Data Science Asked on June 23, 2021
Is there any index that measures similarity between 2 gaussian distributions of 1-D data (may have slightly different number of points) considering their mean shift, variance shift, difference in shapes(like one is symmetric and the other is skewed) etc. and gives similarity between [0,1]?
I am using Hedges’ index for the same but it does not give a similarity index between 0 and 1. It can be greater than 1 as well, so it is difficult to interpret it.
Also, no pattern of the data is known beforehand, if it helps in any way for the answer.
One method is Kolmogorov-Smirnov test. Kolmogorov-Smirnov test checks whether two samples are drawn from the same continuous distribution where sample sizes can be different. It's p-value is close to 0 when two samples follow the same distribution and close to 1 when they do not follow the same distribution.
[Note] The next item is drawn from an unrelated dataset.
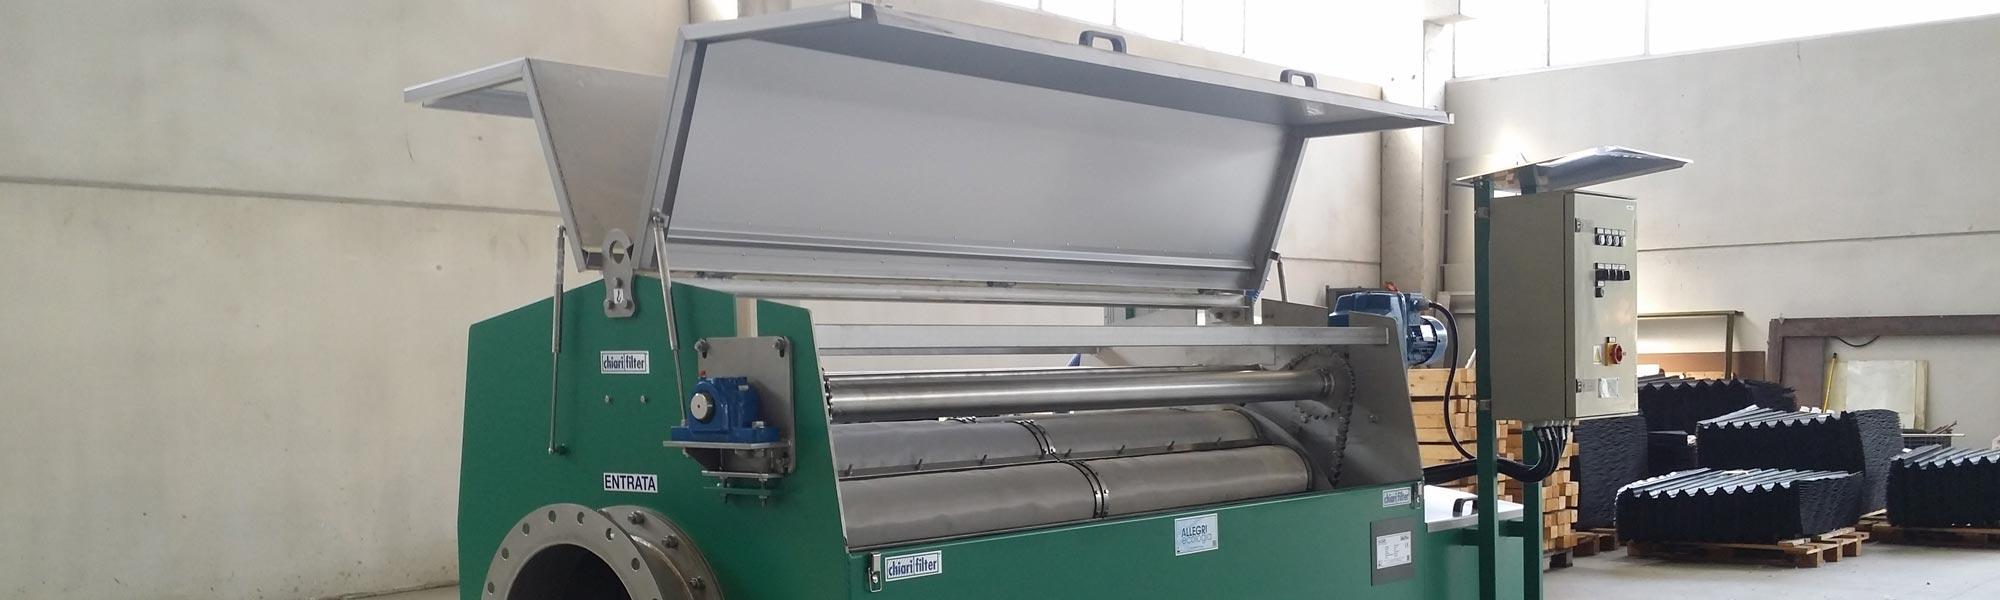 slide Chiarifilter impianti di filtrazione
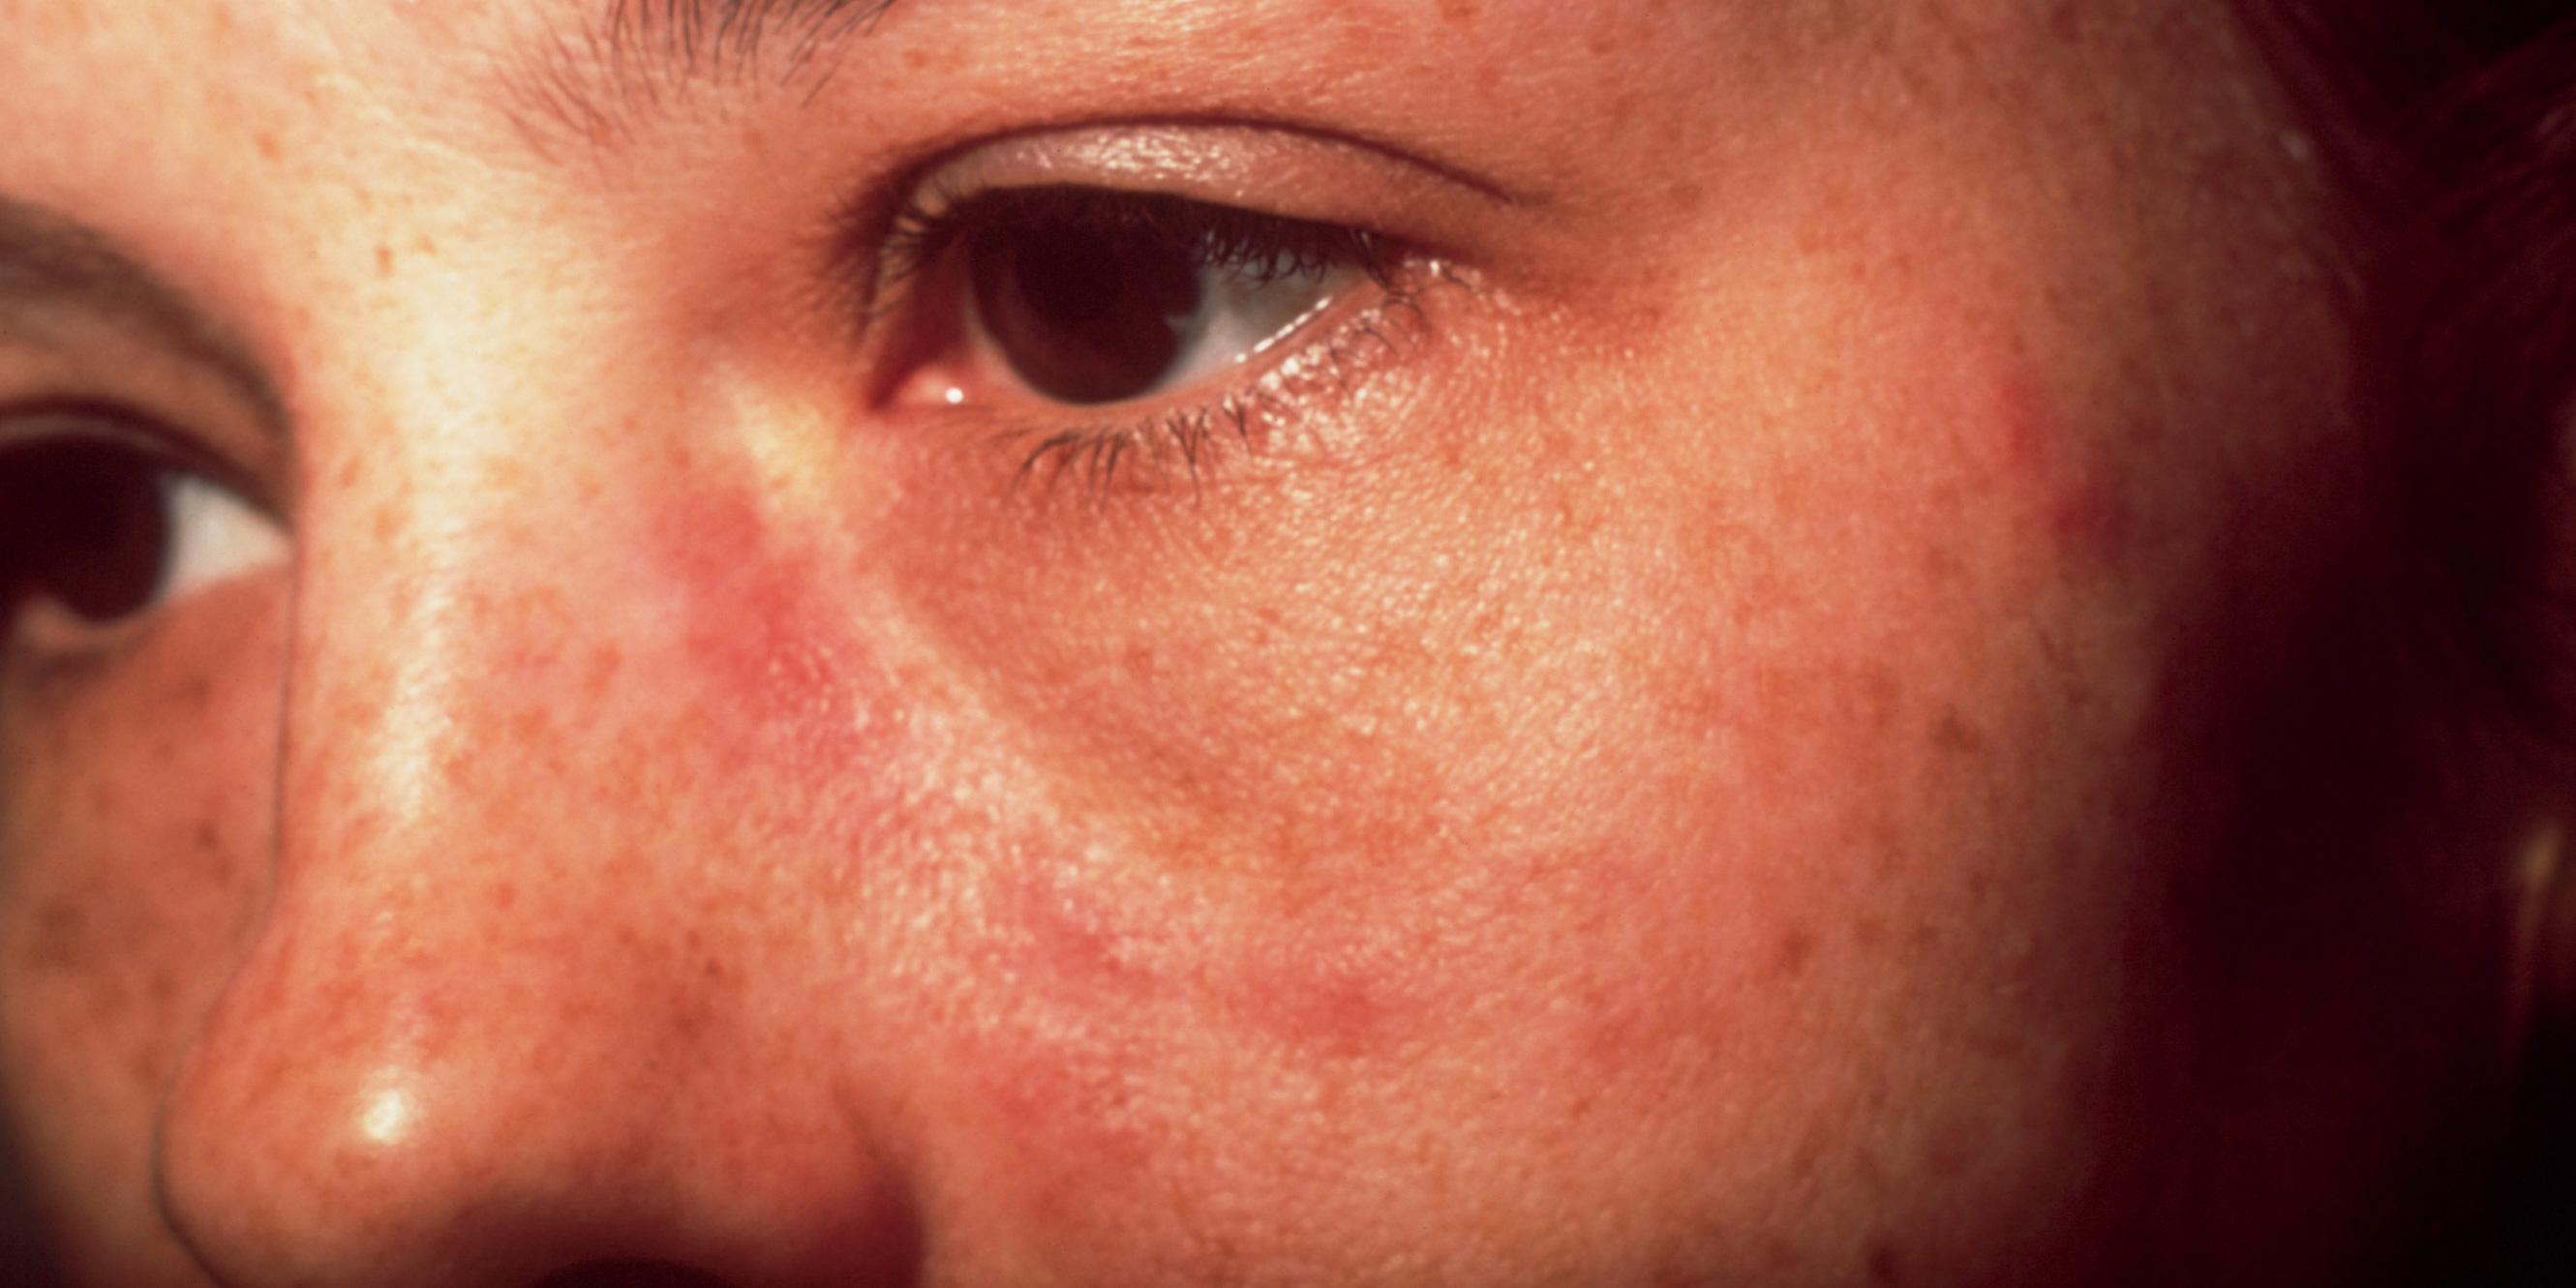 Das vielleicht bekannteste Symptom des Lupus erythematodes ist das sogenannte Schmetterlingserythem, ein rötlicher Hautausschlag im Gesicht

So you can use 1 - (p-value) as a similarity metric.
import numpy as np
from scipy.stats import ks_2samp
np.random.seed(52)
n1 = 200
n2 = 300
mu_1 = 5
mu_2 = 5.1
sigma_1 = 0.3
sigma_2 = 0.2
sample_1 = np.random.normal(mu_1, sigma_1, n1)
sample_2 = np.random.normal(mu_2, sigma_2, n2)
result = ks_2samp(sample_1, sample_2)
print(result.pvalue)
1.4998994601889137e-08
Note that there are also other methods such as Bhattacharyya distance, Kullback–Leibler divergence. Some implementations for Kullback-Leibner can be found also here.